WORK REQUEST
Would you please repeat all of the data exactly, omitting the pictures?

====== INFORMATION PROVIDED ======

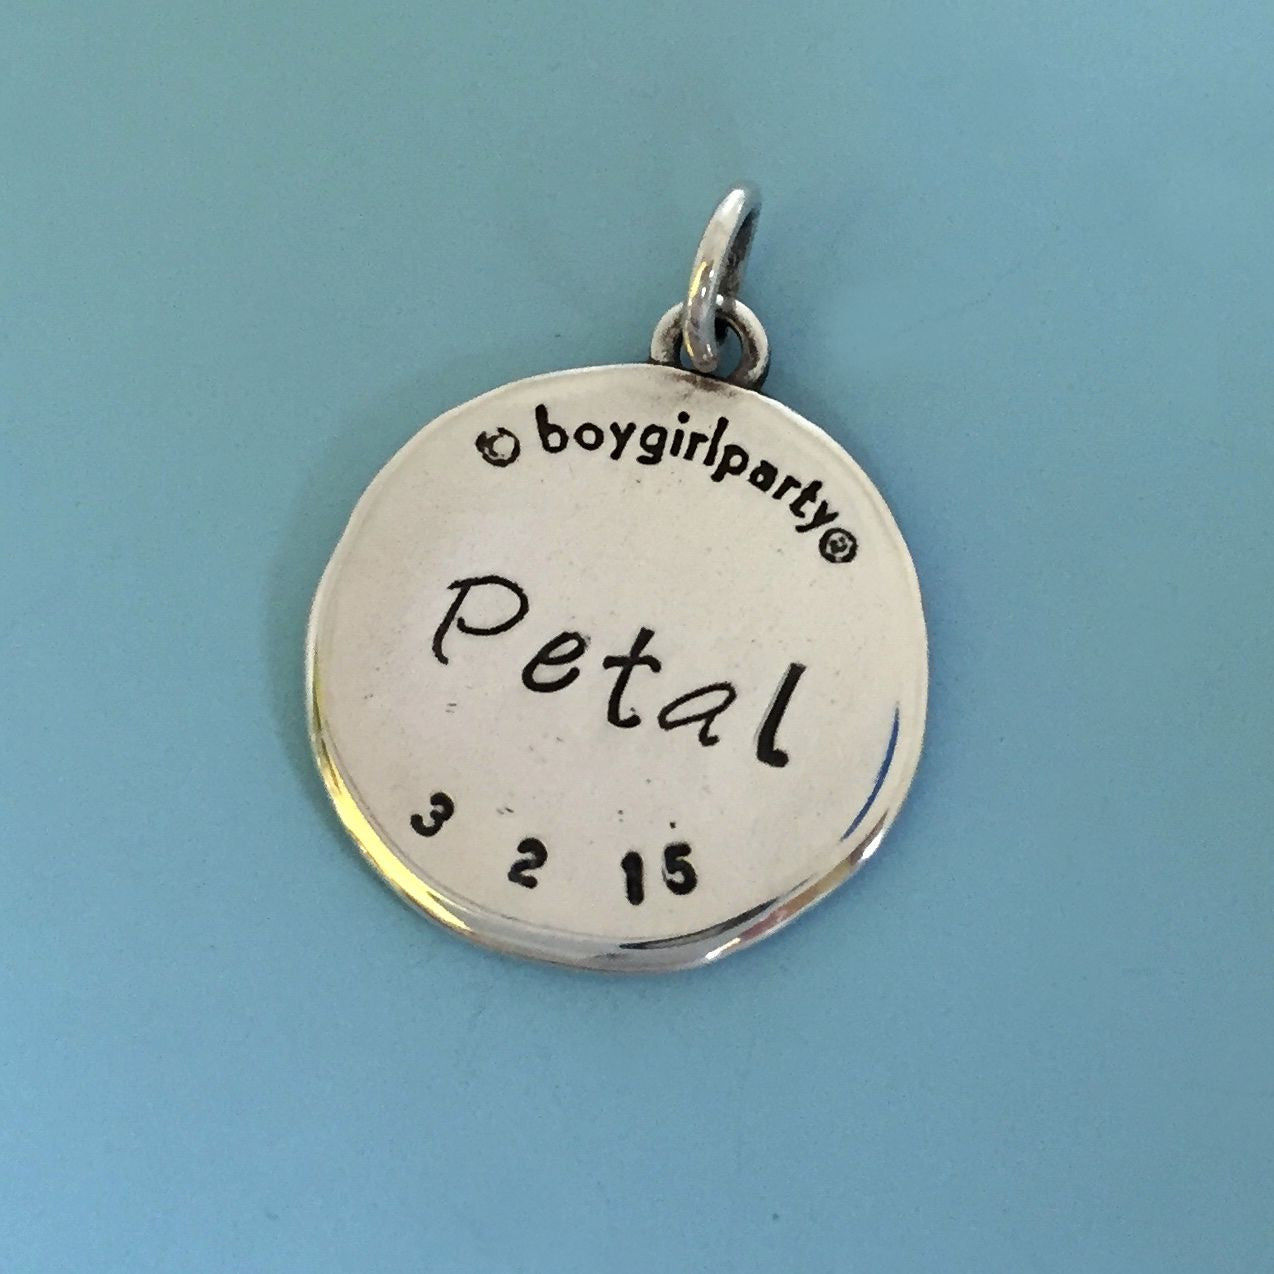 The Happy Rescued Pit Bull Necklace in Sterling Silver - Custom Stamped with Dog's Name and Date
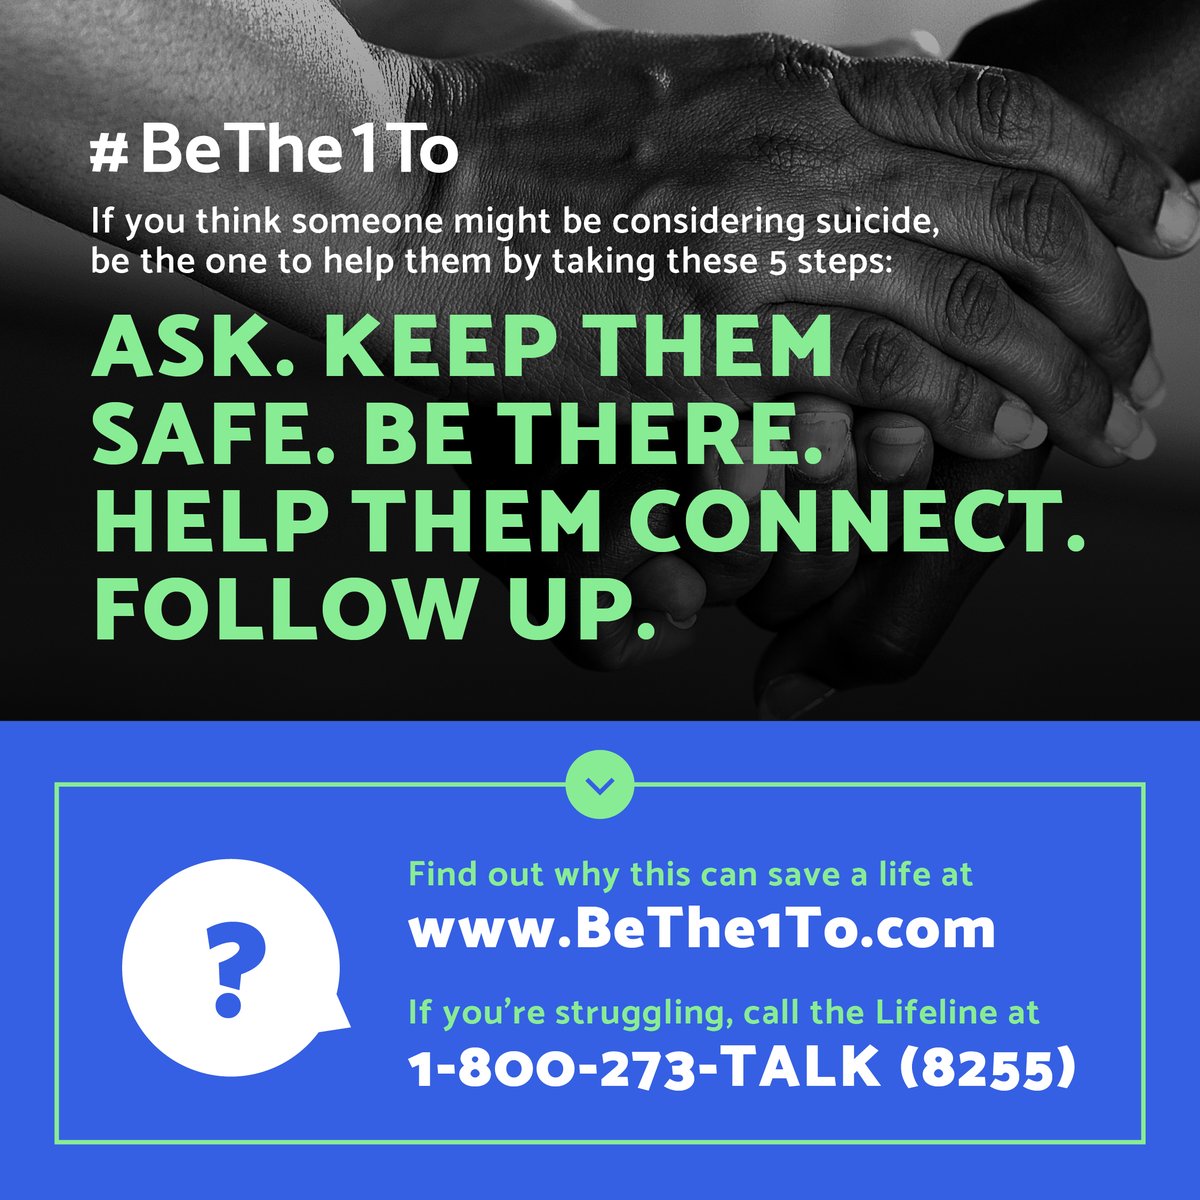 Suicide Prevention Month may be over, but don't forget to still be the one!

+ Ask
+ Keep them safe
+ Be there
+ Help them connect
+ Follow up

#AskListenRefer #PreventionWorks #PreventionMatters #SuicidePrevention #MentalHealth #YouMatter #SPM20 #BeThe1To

======

PROBLEM SOLUTION
 The Happy Rescued Pit Bull Necklace in Sterling Silver - Custom Stamped with Dog's Name and Date
 Suicide Prevention Month may be over, but don't forget to still be the one!

+ Ask
+ Keep them safe
+ Be there
+ Help them connect
+ Follow up

#AskListenRefer #PreventionWorks #PreventionMatters #SuicidePrevention #MentalHealth #YouMatter #SPM20 #BeThe1To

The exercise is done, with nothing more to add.